Warning: xgboost.XGBRegressor is not available and will not be used by TPOT.
Warning: xgboost.XGBRegressor is not available and will not be used by TPOT.
Warning: xgboost.XGBRegressor is not available and will not be used by TPOT.
Using the RapidML Classifier; Experimental, For Issues Contact Author: ritabratamaiti@hiretrex.com
Label Encoding is being done....
Training....
Generation 1 - Current best internal CV score: 1.0
Generation 2 - Current best internal CV score: 1.0
Generation 3 - Current best internal CV score: 1.0
Generation 4 - Current best internal CV score: 1.0
Generation 5 - Current best internal CV score: 1.0
Best pipeline: DecisionTreeClassifier(input_matrix, criterion=entropy, max_depth=2, min_samples_leaf=4, min_samples_split=6)
Sample Output from input dataframe:
1,1,0,1,0,0,1,1,0,1,6,35.0,f,White-European,no,yes,United States,no,Self,NO
The generated model, scripts and serialized files are stored in the directory: ASDapi
.This directory is uploaded to a WSGI server, for making cloud predictions.
Note: This is a complete project, and some parts (such as the creation of the Android application) is outside the scope of RapidML documentation.

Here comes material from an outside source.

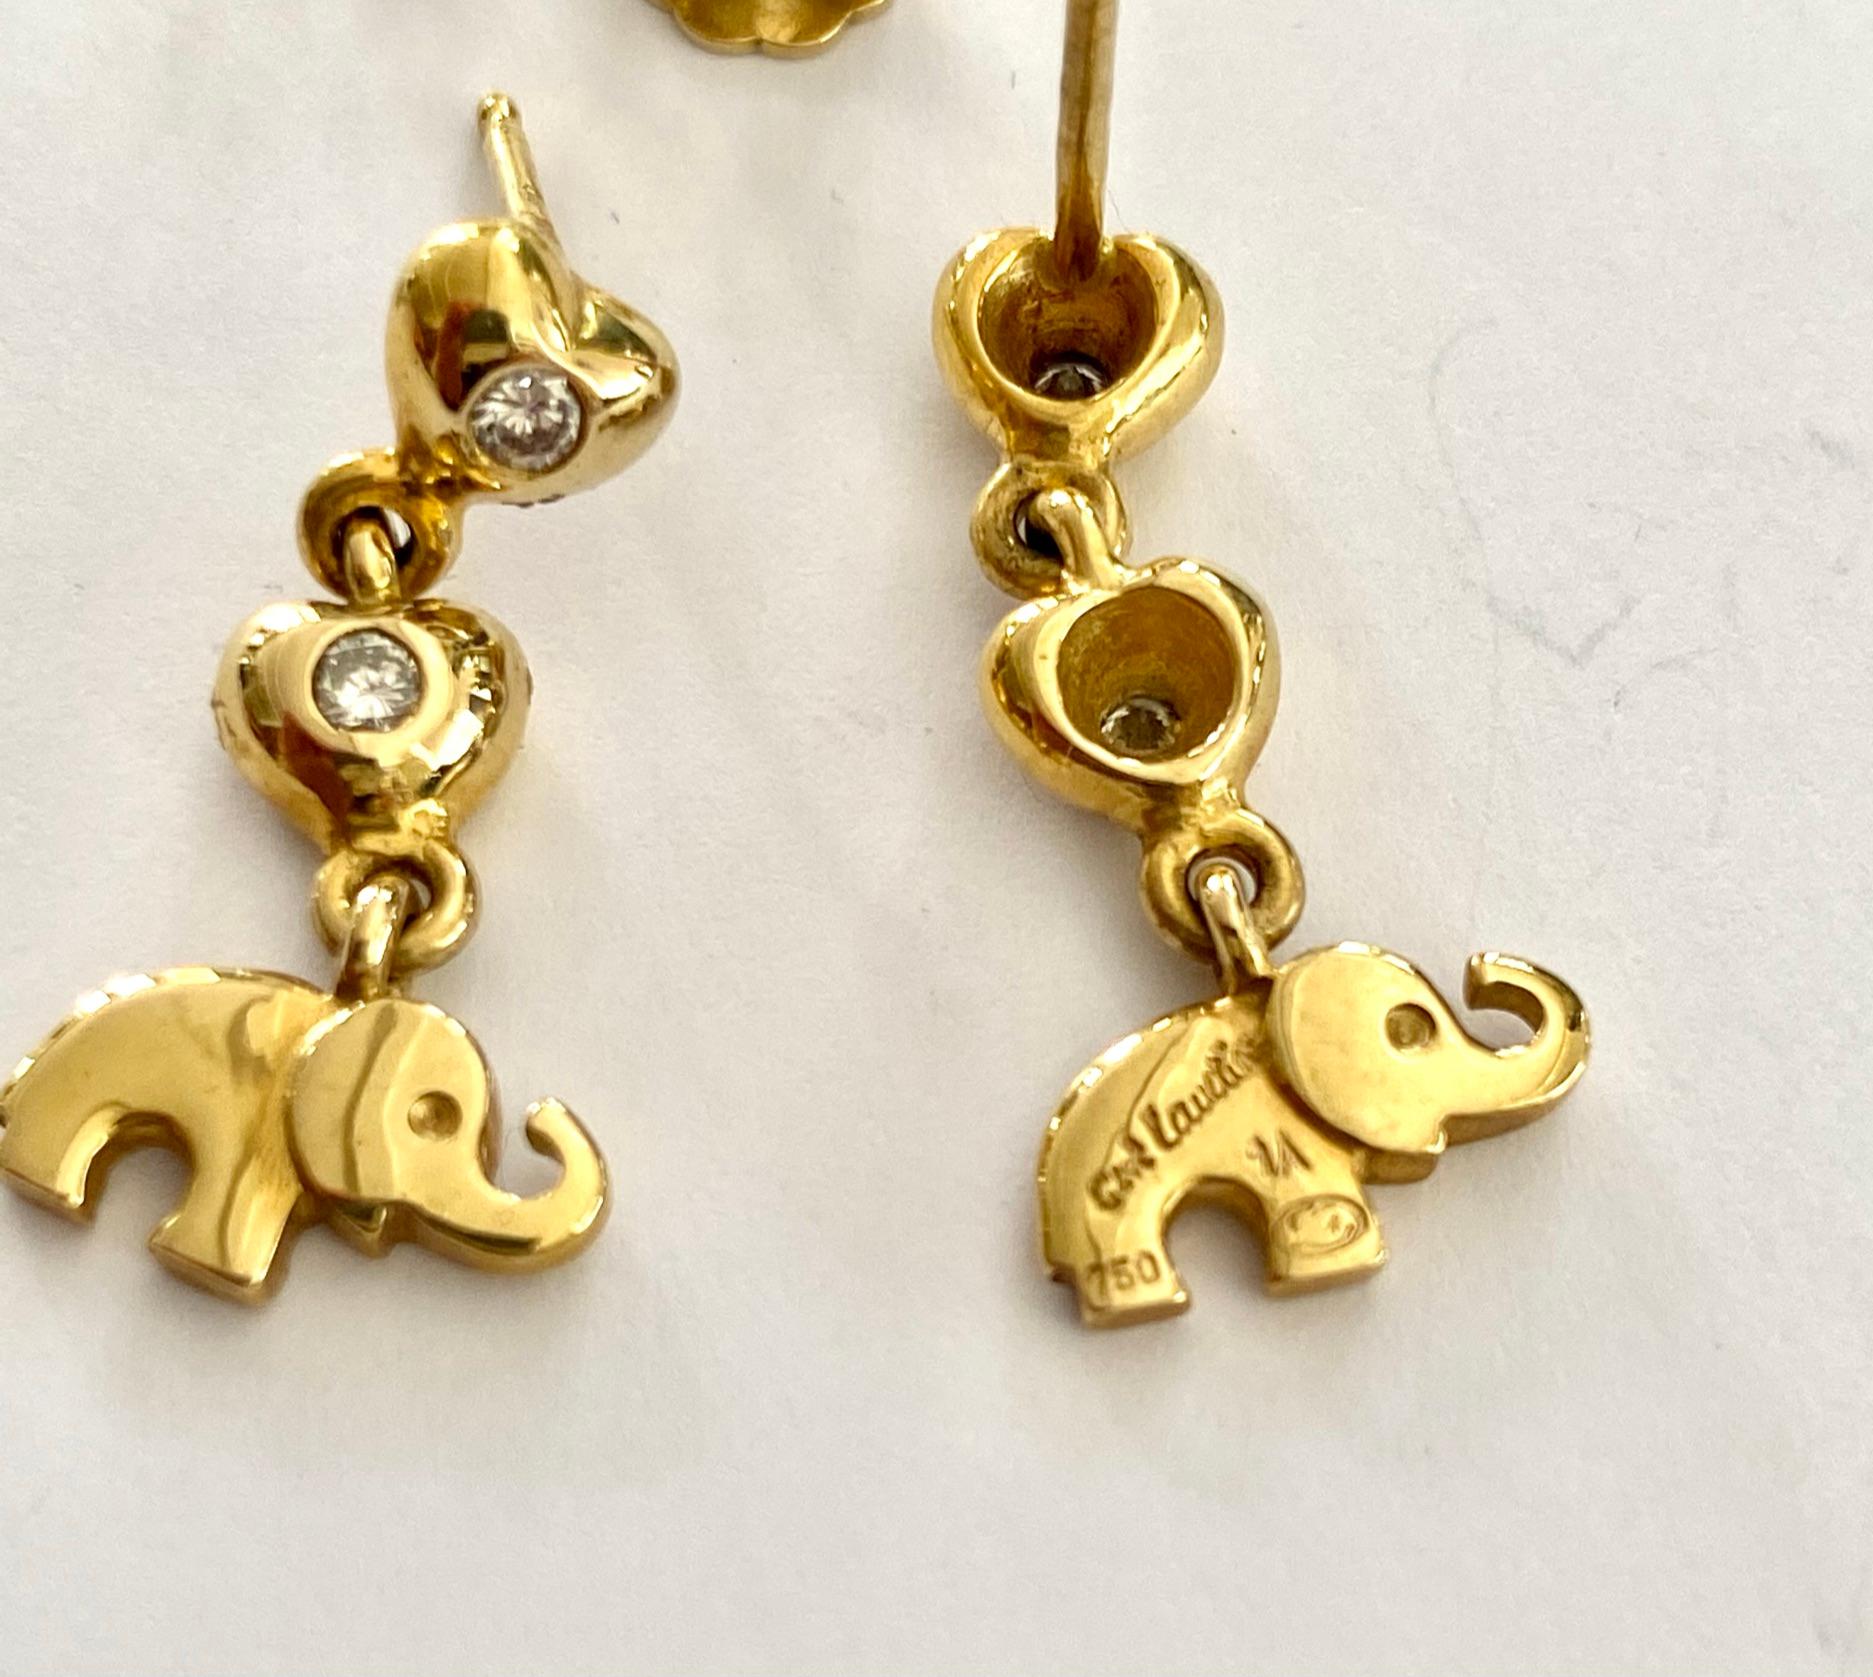 Brilliant Cut Elephant Earrings, Signed: 
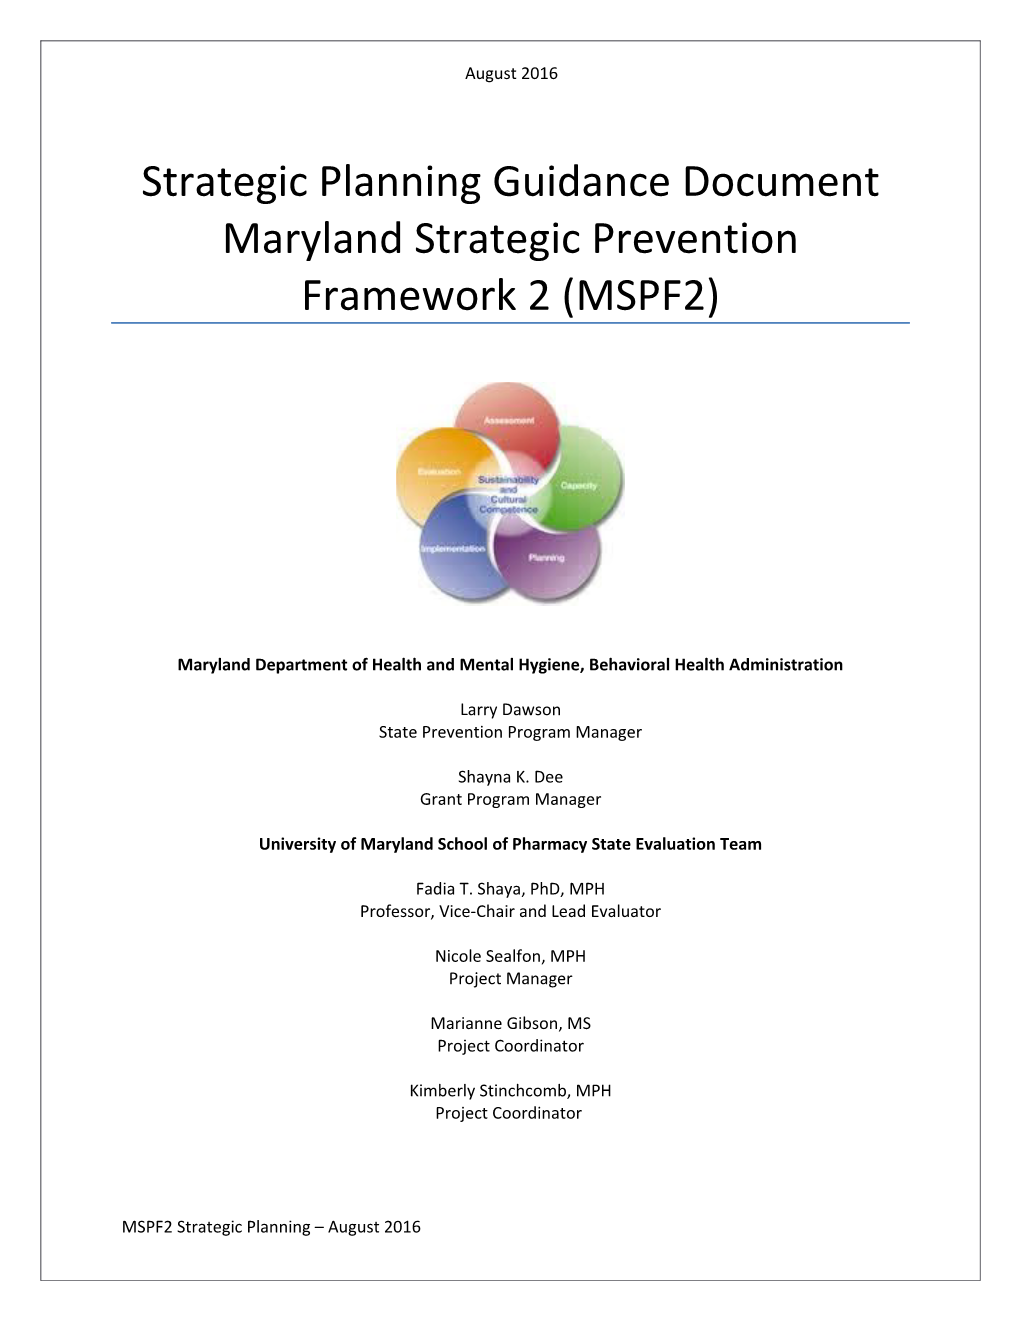 Strategic Planning Guidance Document Maryland Strategic Prevention Framework 2 (MSPF2)

Please visit the project on Github for more details.
Boston House Prices¶
Let’s say we are building a machine learning model to run on the cloud and predict housing prices in an area, using parameters such as crime rates, business development, pollution metrics etc. We will be using the Boston House Prices dataset, due to its wide availability and usage within machine learning academia. Dataset description here: https://www.kaggle.com/c/boston-housing
Note: We will be using sklearn.datasets
for easy loading of the Boston-housing dataset within Python.
Since we are predicting prices, it is clearly a regression problem. We will be using RapidML.rapid_regressor_arr
for this task.
# coding: utf-8
from sklearn.datasets import load_boston
from sklearn.model_selection import train_test_split
import RapidML
housing = load_boston()
X_train, X_test, y_train, y_test = train_test_split(housing.data, housing.target,
train_size=0.75, test_size=0.25)
model = RapidML.rapid_regressor_arr(X_train, y_train)
print(model.m_tpot.score(X_test, y_test))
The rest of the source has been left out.